Psichedelia
From 1 June to 15 September it will be possible to take part in the exhibition 'Psychedelia. A journey through the visual culture of the 1960s', curated by Alberto Terrosi.
The exhibition celebrates an international phenomenon and a generational glue capable of incorporating, between the 1960s and 1970s, heterogeneous instances ranging from protest to youth counter-culture, from the most current artistic stimuli to music and pop culture, leaving an indelible mark on the history of culture.

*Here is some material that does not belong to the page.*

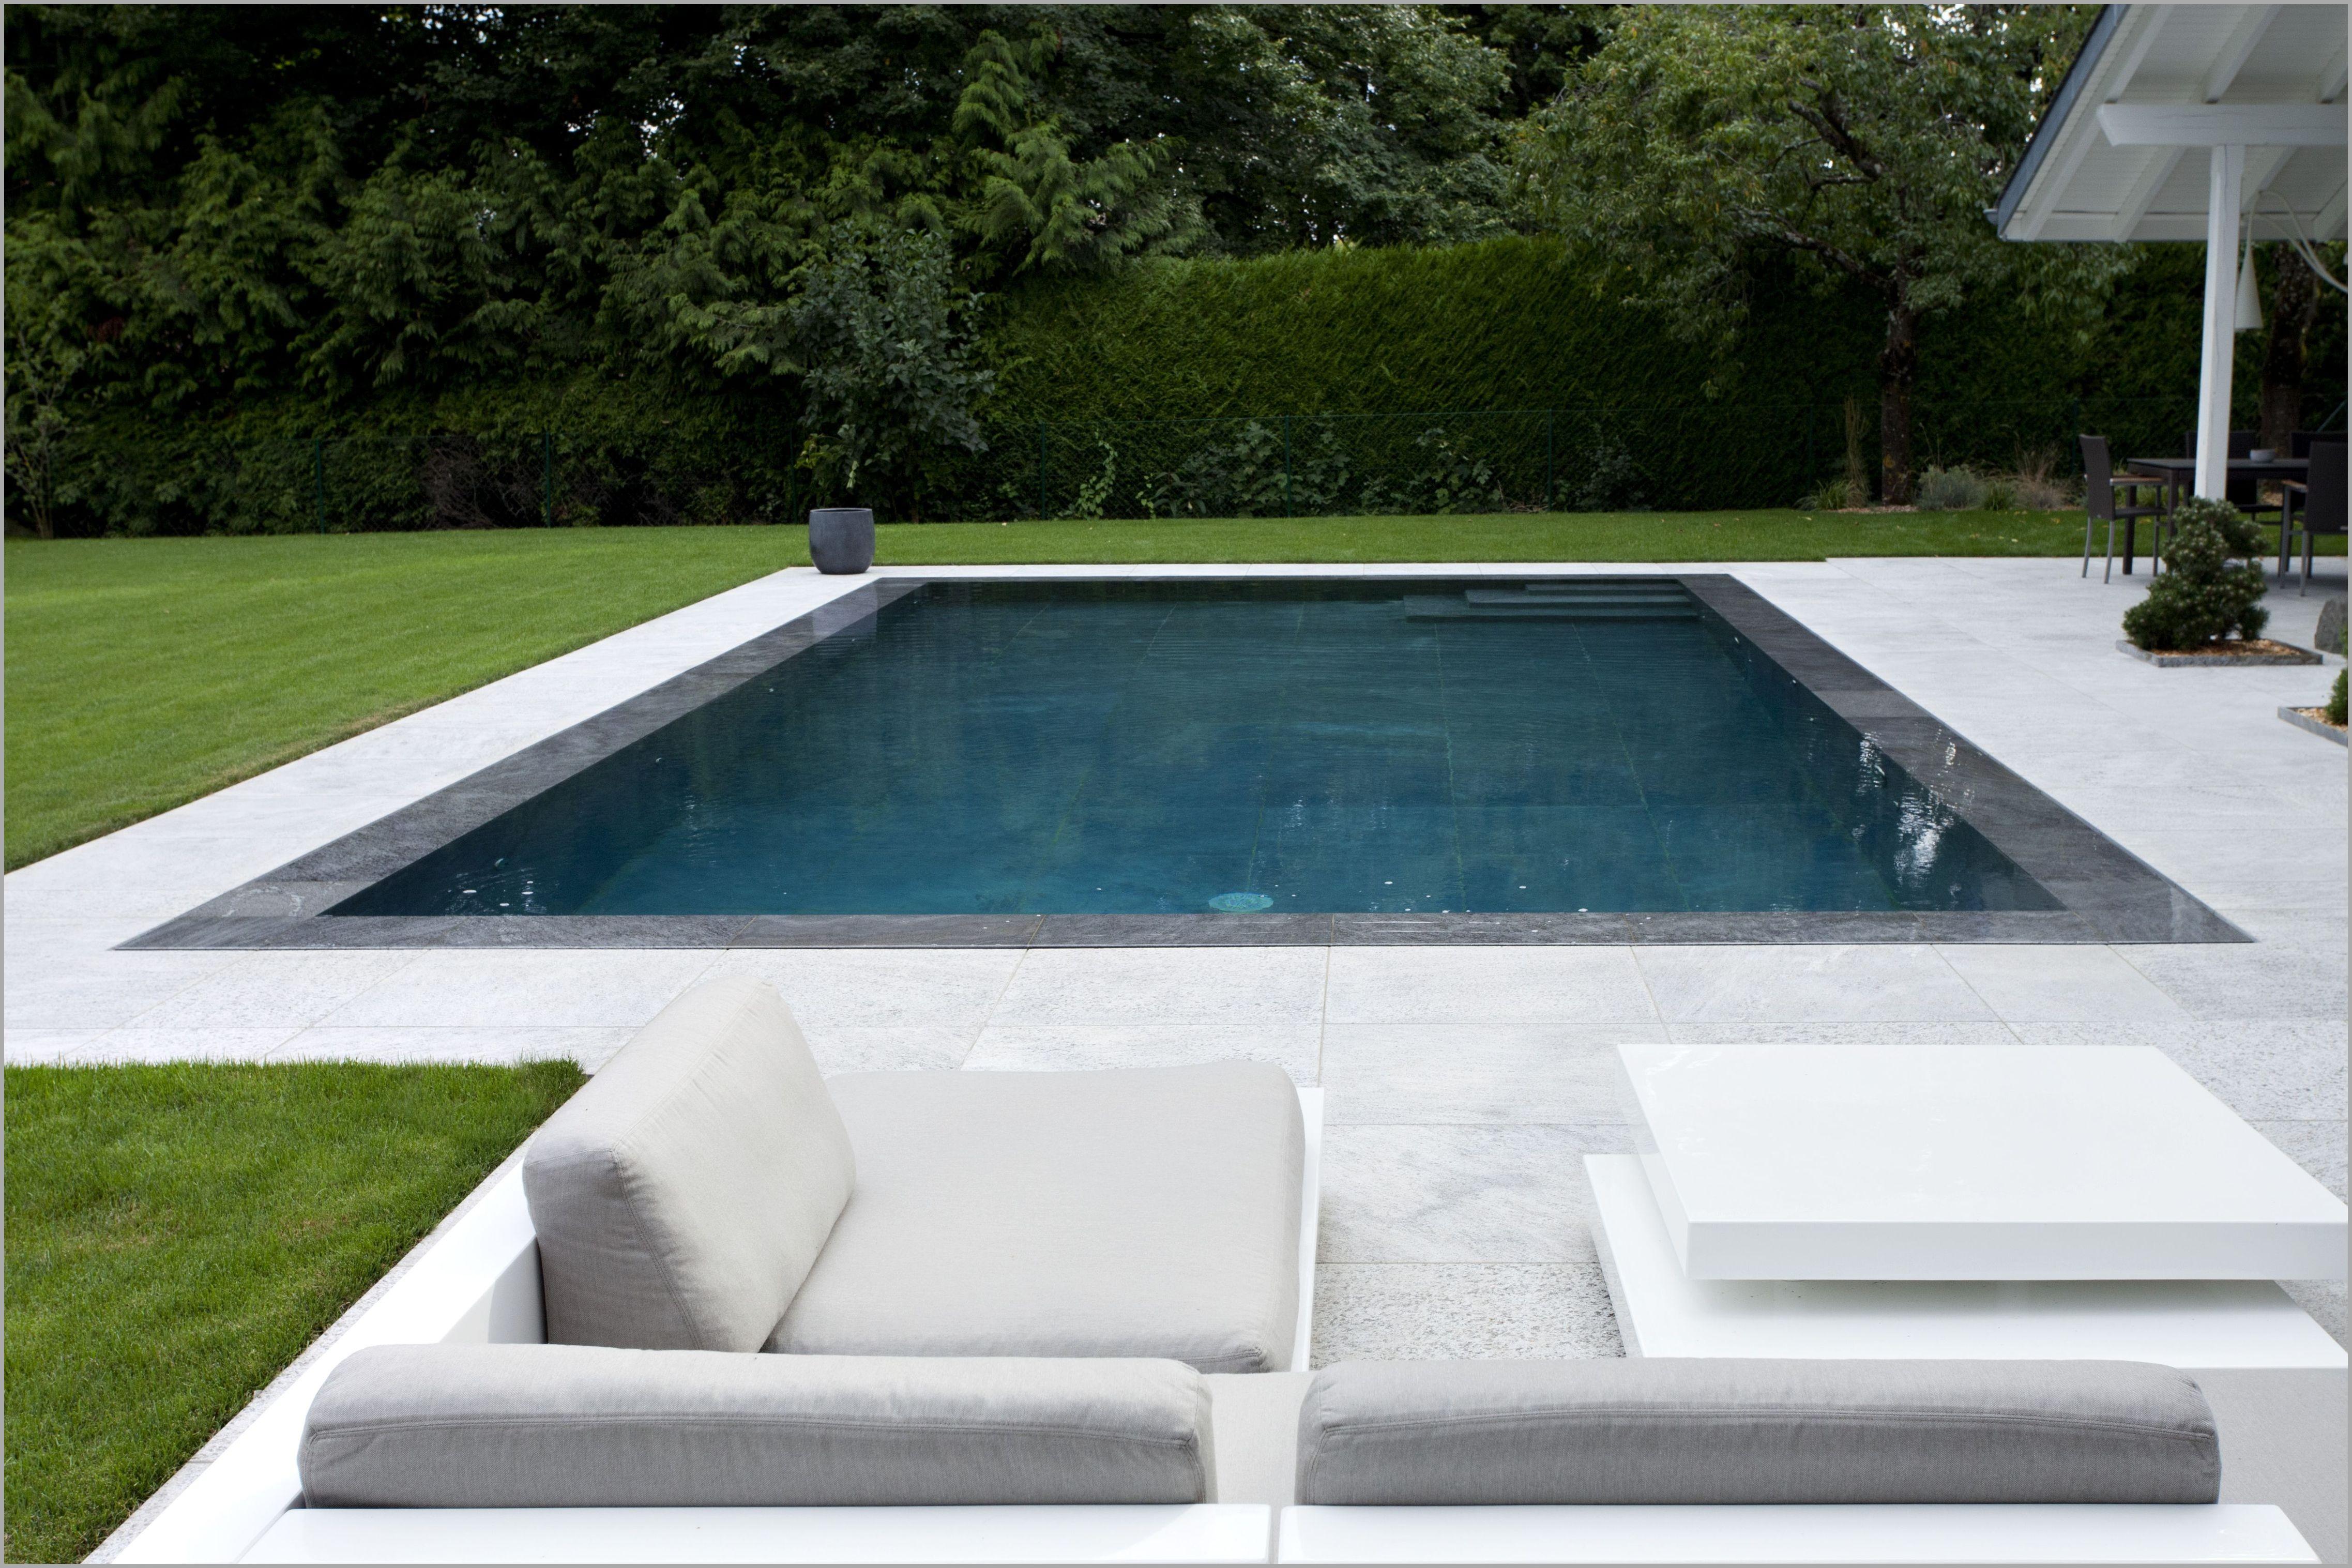 accessoire piscine suisse. Black Bedroom Furniture Sets. Home Design Ideas

The exhibition presents over seventy original posters by the main authors of psychedelic graphics from the 1960s and 1970s, some re-editions from American archives, and special editions signed by the artists.

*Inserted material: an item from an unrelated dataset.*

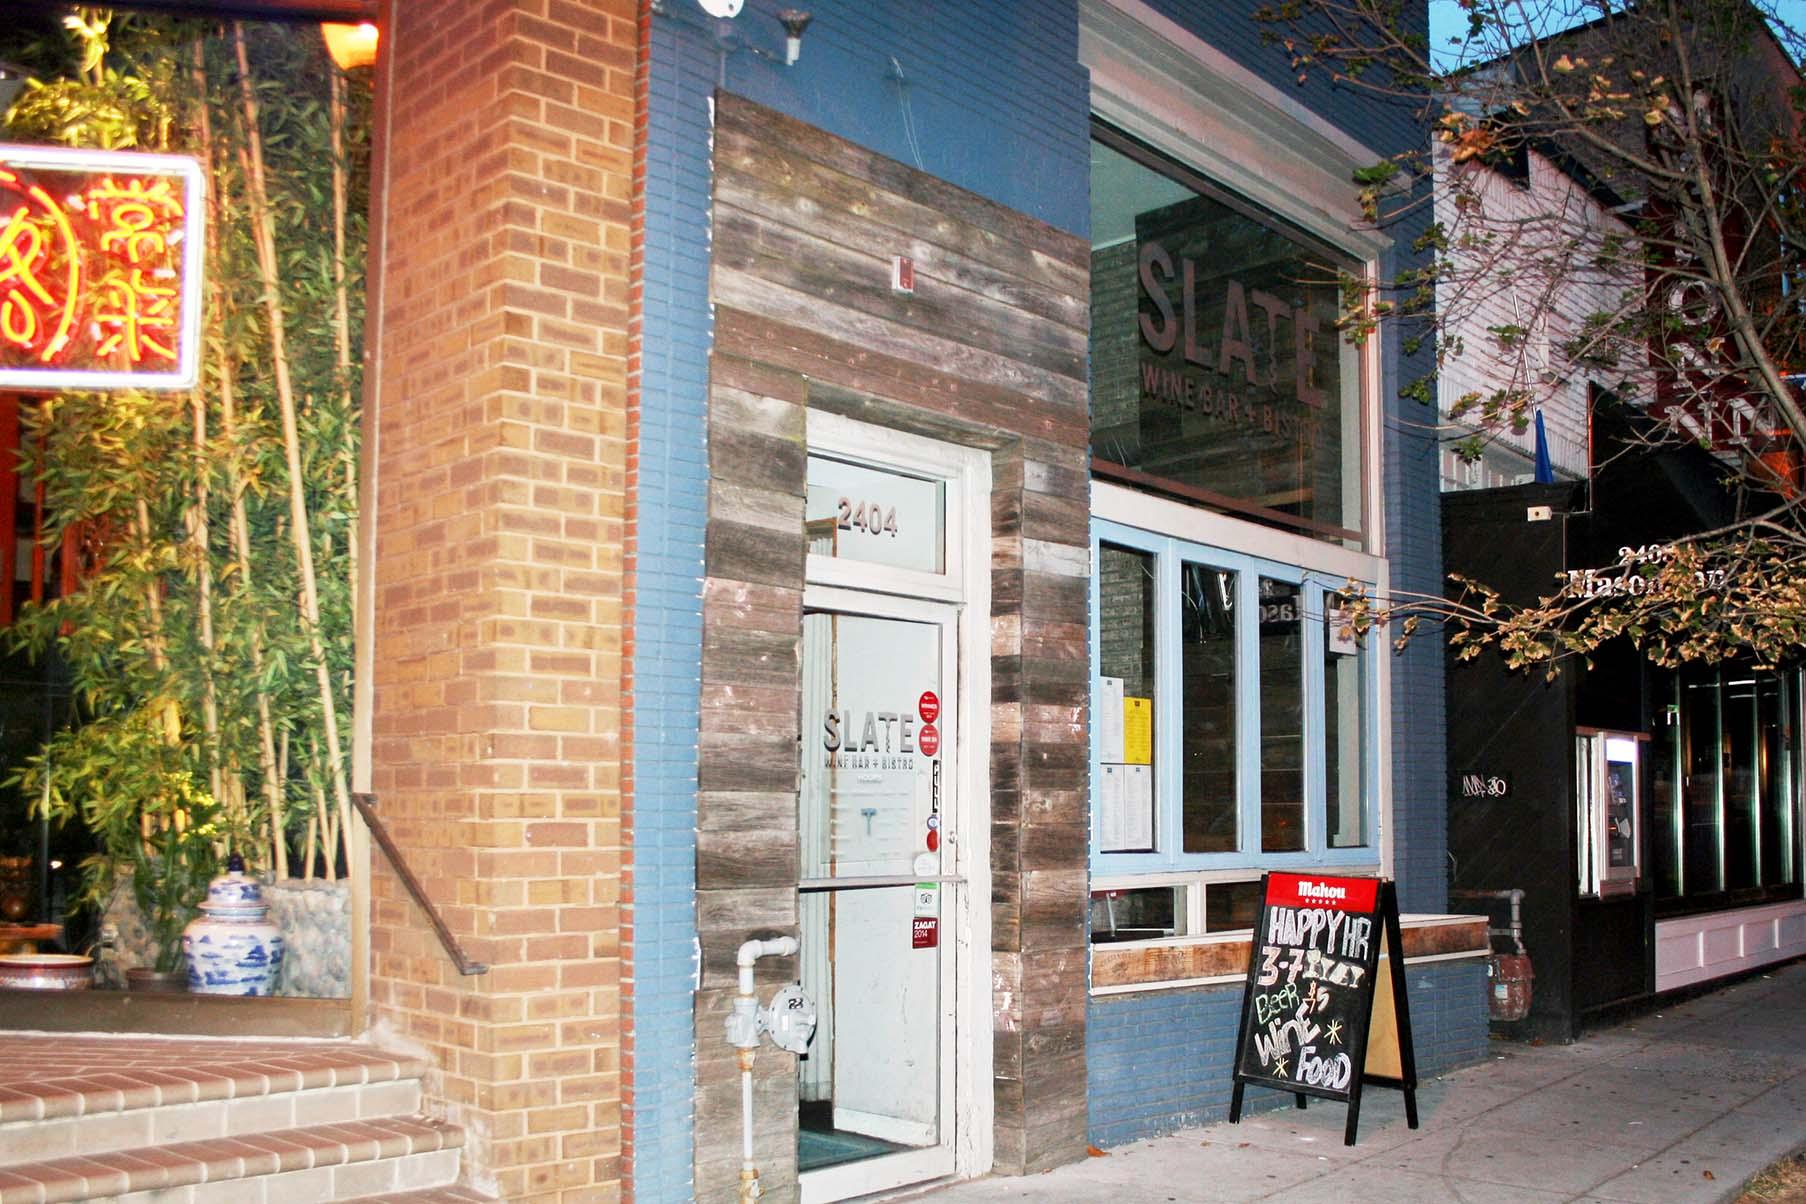 Slate's Menu Elevates Wine Bar Cuisine | DC on Heels

The works are divided into three large sections dedicated to the main poles of elaboration and diffusion of psychedelic culture between San Francisco, London and Italy.
In addition to the graphic section, the exhibition also presents documents on the correlation between cinema, advertising and psychedelia, records, photos, videos, comics and vintage magazines.
Among the artists in the exhibition are the so-called 'Big Five' (Wes Wilson, Stanley Mouse, Alton Kelley, Rick Griffin and Victor Moscoso), a group of illustrators whose posters created for the first concerts of Jimi Hendrix, Janis Joplin, Grateful Dead, Jefferson Airplane, The Doors, Frank Zappa and Pink Floyd held at the Fillmore Auditorium and the Avalon Ballroom in San Francisco marked the birth of psychedelic graphics.
In the San Francisco of the hippy movement and counter-culture, these posters immediately became popular and it was quickly realised that this was the emergence of a new form of graphic art that reworked suggestions from important stylistic strands including Optical Art, Art Nouveau, Neo-Orientalism and Surrealism, fully representing the emergence of a new cultural phenomenon: Psychedelia, with its wide ramifications across music, poetry, film and comics, and a new graphic style, dubbed 'Art Nouveau' by critic George Melly.
In the same years, London was also coloured by psychedelic lights and arabesques and the most important band of the time, The Beatles, made psychedelic culture iconic through Richard Avedon's photographs, taken for the promotion of the album Sgt. Pepper's Lonely Hearts Club Band, manipulated in a psychedelic key by the graphic artist Hallen Hurlburt, resulting in four posters that are now part of the permanent collections of important museums, such as the Moma in New York or the Victoria & Albert Museum in London, and chosen for the cover of the Perugia exhibition in the version starring John Lennon.
This was the moment in which psychedelia also arrived in Italy, in Milan, where Fernanda Pivano, Ettore Sottsass and Allen Ginsberg in '67 gave life to the magazine 'Pianeta Fresco', published in only two issues of 300 copies, experimental both in terms of content and graphics with prestigious collaborations. Also in 1967, in Rome, Mario Schifano curated his own music group, Le Stelle di Mario Schifano, for which he created the cover of the only lp produced, and ventured into the business of impresario and concert organiser.